Luciana Bessa
Conheci Dôra, Doralina, de Rachel de Queiroz, pelos idos da década de noventa. A obra foi indicada para o vestibular da Universidade Federal do Ceará (UFC) e um grupo de alunos transformou-a em uma peça de teatro.
Diante de mim, uma mulher de compleição frágil, mas de coragem e uma valentia que não se adequavam em um corpo magro, um olhar melancólico e uma voz doce. Foi amor à primeira vista.
Pensei: preciso ler imediatamente essa obra. Contudo, a vida tem outras urgências, os professores outras indicações e a crítica especializada outras predileções. Acabei lendo “O Quinze”.
Só muito tempo depois consegui (re)encontrar Dôra, Doralina. É uma obra extensa, mas a linguagem fluída e envolvente faz o leitor se sentir “preso por vontade”, aludindo Camões, bardo português, que dá título a um dos prêmios mais importantes recebidos por Rachel de Queiroz.
Como em uma peça em três atos, conhecemos os três tempos que marcam a trajetória da protagonista, que se inicia como uma menina ingênua e dominada pela mãe, e termina uma mulher emancipada, que toma o lugar da própria mãe, após a morte desta.
Por meio de um discurso firme, subjetivo e dorido, afinal “doer, dói sempre” (p.3), no Livro de Senhora, ficamos sabendo que Dôra deseja ter uma filha, cujo nome seria Alegria. Mas “nem filha nem filho” (p. 3). O que tinha dentro dela foi retirado, porque estava morto. O tempo até passou, no entanto, o sentimento de “inveja das outras com seus filhos, netos e genros” (p. 3) cristalizou-se.
E como “nada volta mais” (p. 3), Dôra segue nos contando sobre sua relação ácida e distante com a mãe, Senhora, o fardo que é seu nome, Maria das Dores, a ausência do pai já falecido, o carinho por Xavinha, escrava da fazenda Soledade, a relação de proteção com Delmiro, jagunço ferido em combate na Coluna Prestes, a admiração pelo primo Laurindo. Com ele casou-se, teve um bebê que não vingou, descobriu a relação dele com a mãe e enviuvou aos vinte e dois anos de idade.
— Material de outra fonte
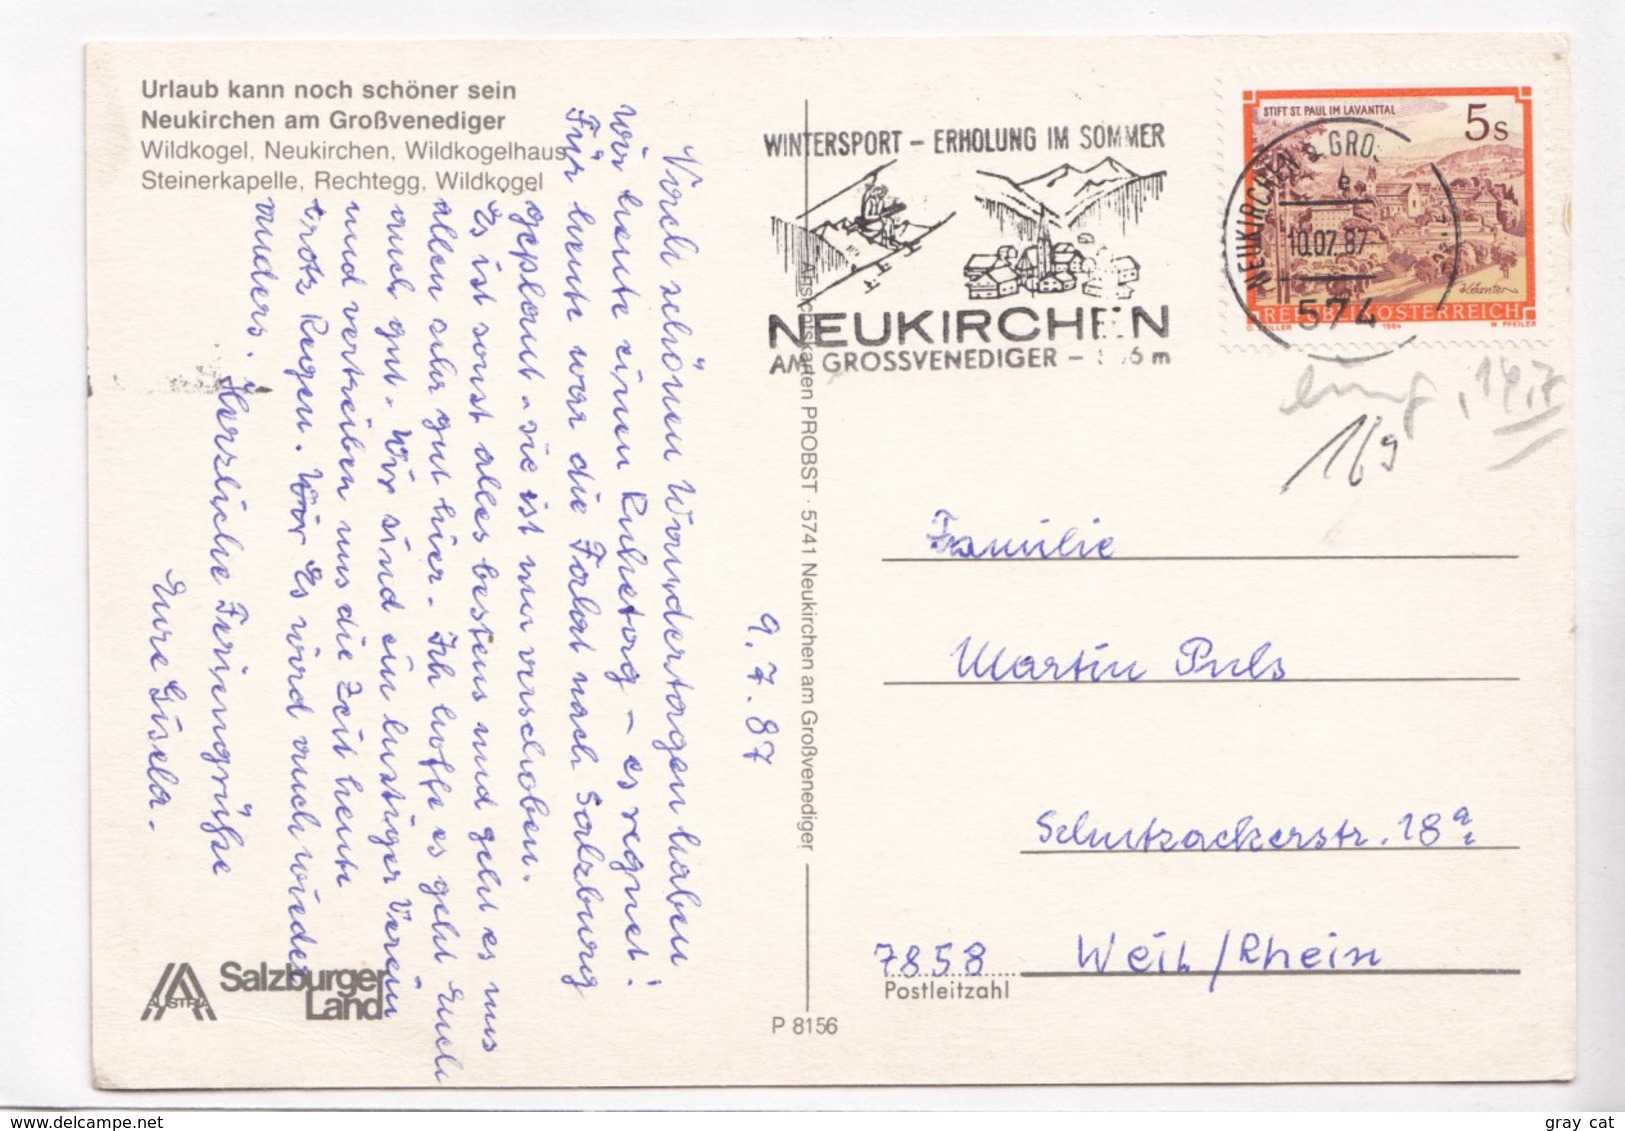 Neukirchen Am Grossvenediger, Salzburger Land, Austria, 1987 Used Postcard [22331] - Neukirchen Am Grossvenediger

Após o enterro do marido, tirou o luto, se pudesse arrancaria a própria pele, vestiu um vestido azul, atravessou toda a Aroeiras, comprou passagem de trem e foi para a capital, Fortaleza.
Ao chegar lá, (Livro II – Companhia) começa a trabalhar na pensão de uma parenta distante, D. Loura. Conhece seu Brandini, empresário e diretor, da Companhia de Comédias e Burletas Brandini Filho e sua esposa, D. Estrela. Dôra, que sempre gostara de teatro, acaba entrando para a companhia de teatro ambulante e se torna Nely Sorel. Viajando de cidade em cidade, conhece o Brasil, especialmente o Norte, o Nordeste e uma parte do Sudeste. Na maioria das vezes, comia e dormia sob péssimas condições, viajava dias em uma boleia de caminhão, quase nunca recebia dinheiro, porque o lucro era pouco, mas estava feliz, pois pela primeira vez em sua vida sentiu que tinha uma família.
O amor veio, quando em Juazeiro, seu Brandini, após o almoço resolveu tomar uma cerveja em um bar. Havia uma mesa com três homens. Um deles, alto, bonito, moreno e antipático, se tornaria o seu grande amor, o homem que destruiria todas as suas convicções sobre o papel da mulher na sociedade. Por ele sentiu vontade de lavar e passar, coisas que nunca tinha feito para ela.
Finalmente, chegamos ao Livro do Comandante e conhecemos uma Dôra submissa, apaixonada, morando numa “casa de boneca” com panelas de alumínio só para dois, sendo sustentada por um marido contrabandista, que gostava de beber e, às vezes, podia ser tornar violento. Como há “amores da vida que não são pra vida”, o Comandante, que levava uma vida turbulenta e desregrada, contrai uma tuberculose e morre.
Seus objetos pessoais são guardados em uma mala e a chave é perdida. O resto ficou no coração e na pele de Dôra. “O círculo se fechou, a cobra mordeu o rabo: eu acabei voltando para a Soledade” (p. 236). Vestida de preto, Dôra atravessa toda a Aroeiras e veste a roupa de Senhora.
Fonte:
QUEIROZ, Rachel. Dôra, Doralina. Rio de Janeiro: José Olympio, 1987.